Reading articles and polls around Christianity today reveals the decline in church

attendance, the decline in people claiming Christian as their religion, and an overall decline in people being sure they believe in any god at all. This decline chases after and alongside a huge movement of Christianity being aligned with “true Americans”—and this Christian nationalism that would claim a self-serving identity of a national, overly political, image, pushes many people who might once have followed Jesus, to believe that American Christians are aligned solely with the classified far right voters, leaders, and laws of this country. 

However, Christianity as religion, is more nuanced, but also simpler than that, and if we as Christians associate only with a political party or a nation or a specific right or wrong, we are missing the point entirely. Aligning with any specific man-made argument only leads to further division within any community, further misunderstandings, and ultimately bigotry and egotistical self-righteousness.

Creators, Created
It is always my hope that the high-school classroom culture-building activity will extend in the minds and lives of the students—that they would go on to understand that in life in general, they are the creators of culture. So the question of whether church and Christianity should be shaped by culture or culture shaped by Christianity and church, is a bit of a misunderstanding—a misrepresentation of the power of “culture” as something broader than the influence of a group of individuals.
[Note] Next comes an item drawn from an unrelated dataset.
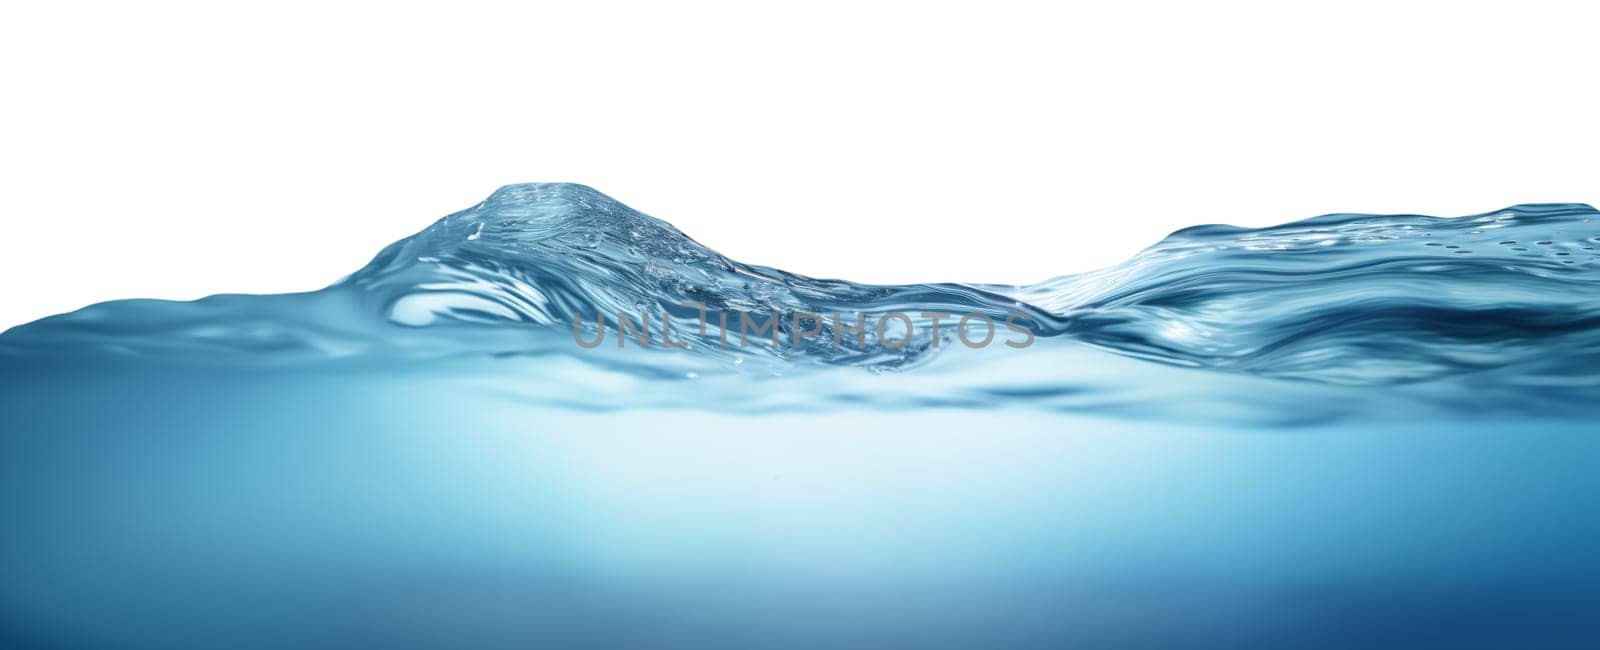 splashes of blue water with alpha channel by studiodav

It’s easy to feel defeated and helpless to shape culture when we live in a world that speaks to us in a constant stream of change, of struggle and striving, of justice and injustice, through outlets that don’t align on any given definition of what those really are. 

But friends, we are created and called to be creators, and so, to the best of my ability, In my own home, in my own community, in my own church, we strive for love. I know that love doesn’t look the same to a world that shouts in binaries, while encouraging truths to become individual rather than communal, but love is patient and kind, and the plans for our lives are bigger than we will ever understand. It’s not easy to sit in the discomfort of culture vs. culture, and love vs. love, but this is where I am. I’d love to know, where are you?